10 Movies That Tried To Subvert Expectations (But Still Sucked)
A lazy remake of Snow White would genuinely have been preferable.
We are in an era of Hollywood cinema that has become dominated by sequels, reboots, remakes, and spin-offs, with original ideas or riskier, more inventive approaches to existing IPs all too often being avoided. As such, it's great when a movie takes steps to subvert expectations and do something different... right?
Well, on paper, yes. Unfortunately, things don't always work out for the better. In Hollywood, there is sometimes a frustrating tendency of those behind a film seeming to assume that subversion in of itself is automatically a win, but that's really not the case. It's not enough to just be different for the sake of it; it's vital to subvert expectations in a way that feels earned and to do this with good storytelling to back it up.

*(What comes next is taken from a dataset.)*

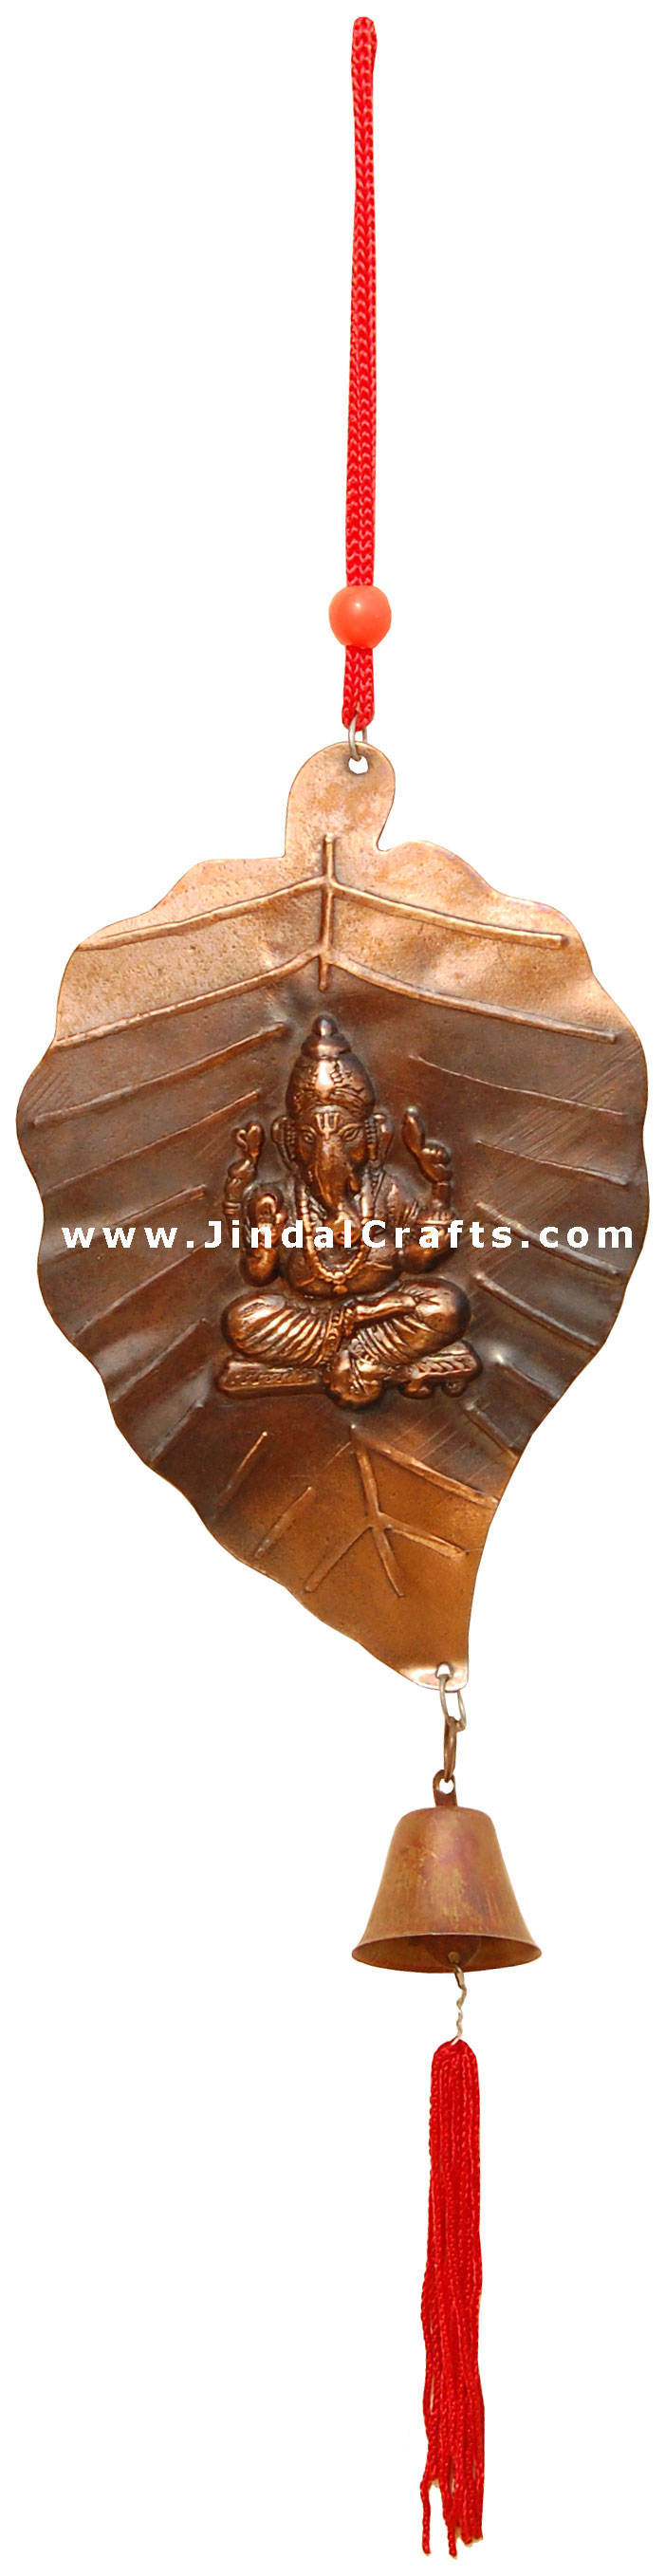 Lord Ganesha Hanging - Metal made Hindu Artifact

The following ten movies all suffered from this problem. Yes, they made admirable attempts to be different, but they still foundered because they were subversive in the wrong ways, and their differences actually made the movies considerably worse. If anything, many might find themselves wishing these pictures had instead been more generic and cliched.

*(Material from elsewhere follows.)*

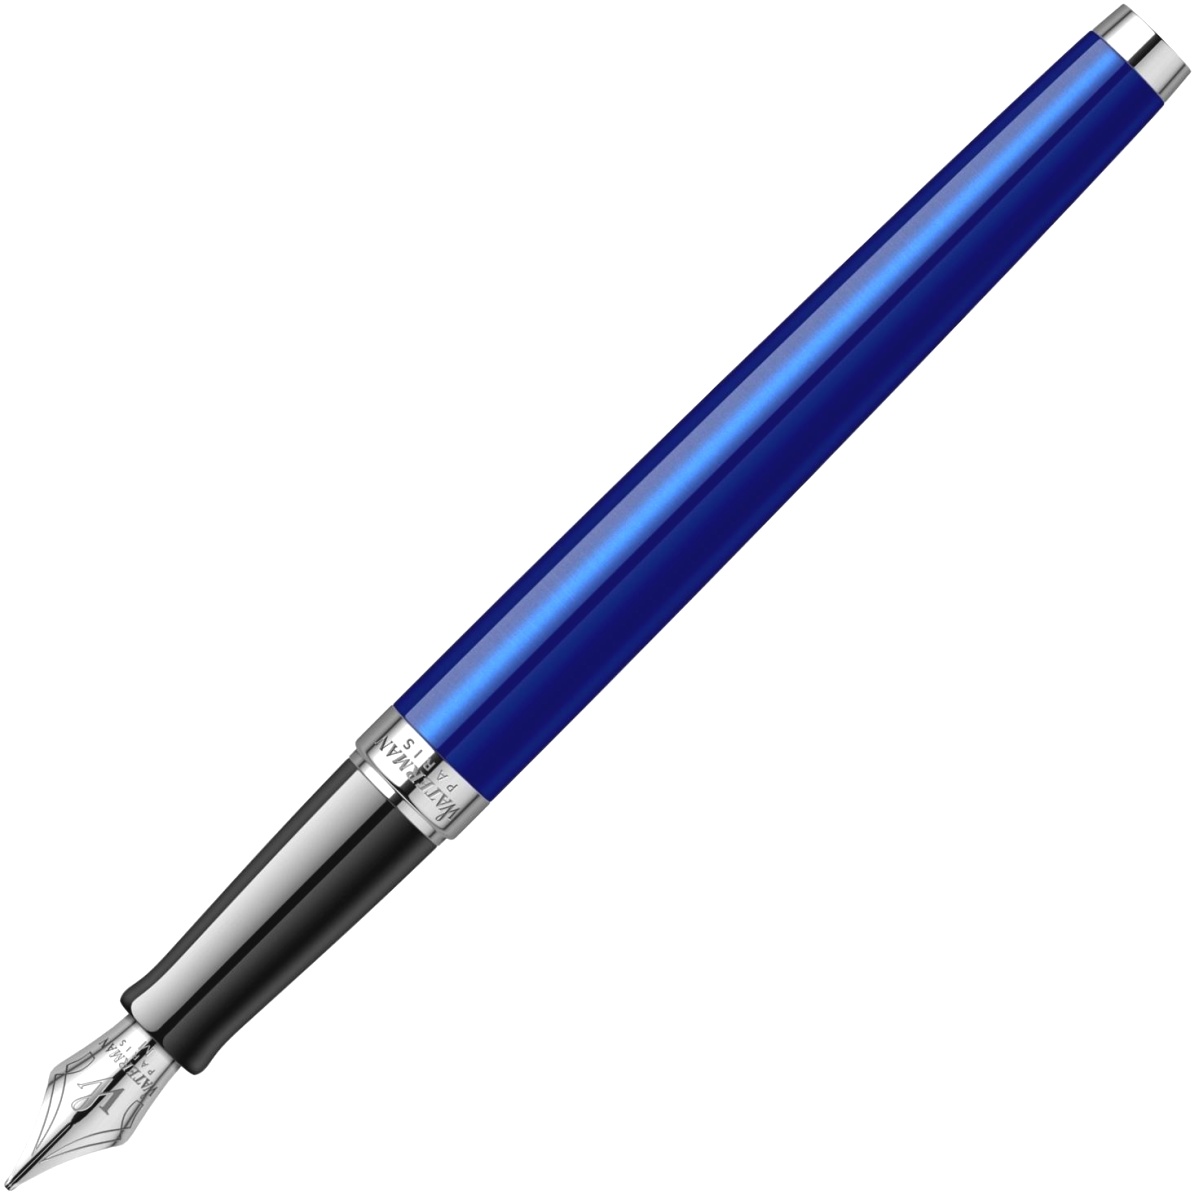  Ручка перьевая Waterman Hemisphere 2018, Bright Blue CT (Перо F), фото 4

Warning: spoilers lie ahead. Kicking off with a very ill-judged horror remake...
10. Black Christmas (2019)
Credit needs to be given where credit is due: the second remake of the wonderful 1970s horror film Black Christmas - which stands as arguably one of the most underrated horror flicks of them all - is not a lazy redo in the slightest. It has little in common with the original film and very much goes off in its own direction.

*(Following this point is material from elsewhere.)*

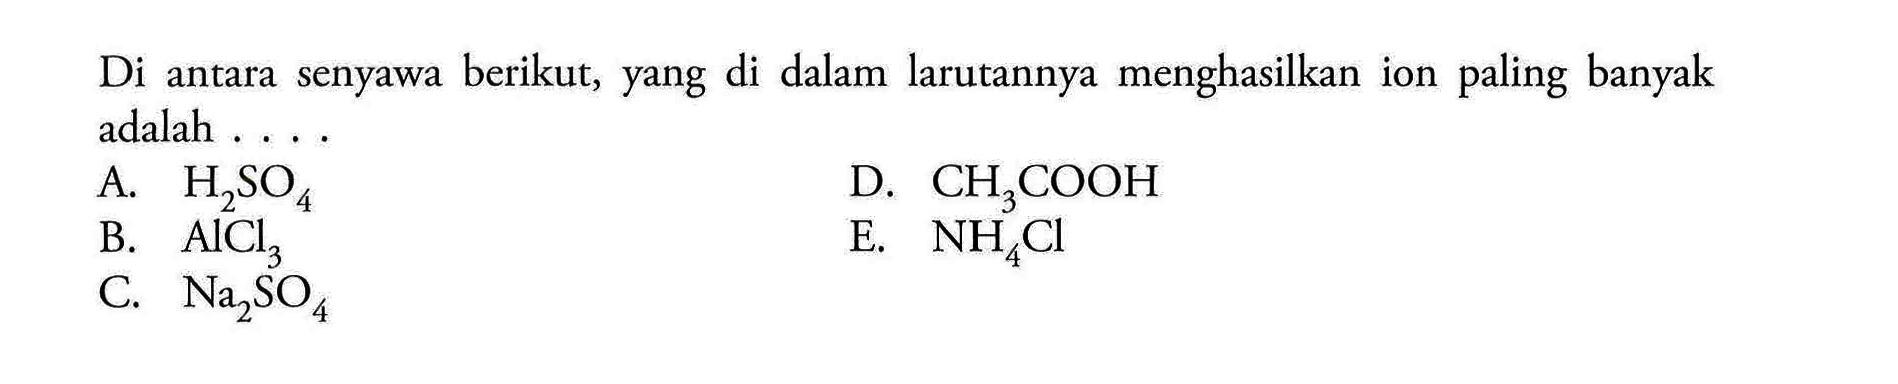 Di antara senyawa berikut, yang di dalam larutannya menghasilkan ion paling banyak adalah ....A. H2SO4 B. AlCl3 C. Na2SO4 D. CH3COOH E. NH4Cl

That is commendable, but as every other movie on this list will also show, subversion on its own is not enough. You need a good script as well, and that is something this film simply didn't have. The 2019 Black Christmas began development only a few months before it was released, so production of this was unusually short - and man, does it show.
From the tame PG-13 scares to the obnoxiously overt social commentary, this is a poorly written and unscary mess with dialogue that feels like it came from a Twitter comments section, and it gets sillier and sillier as it goes along, but never seems aware of just how goofy it is.
The performances are solid enough, and it isn't quite as cringe-worthy as the first Black Christmas remake from 2006, but it still isn't a good film at all. The best thing that can be said about it was that it tried its best to be different, and that really isn't much.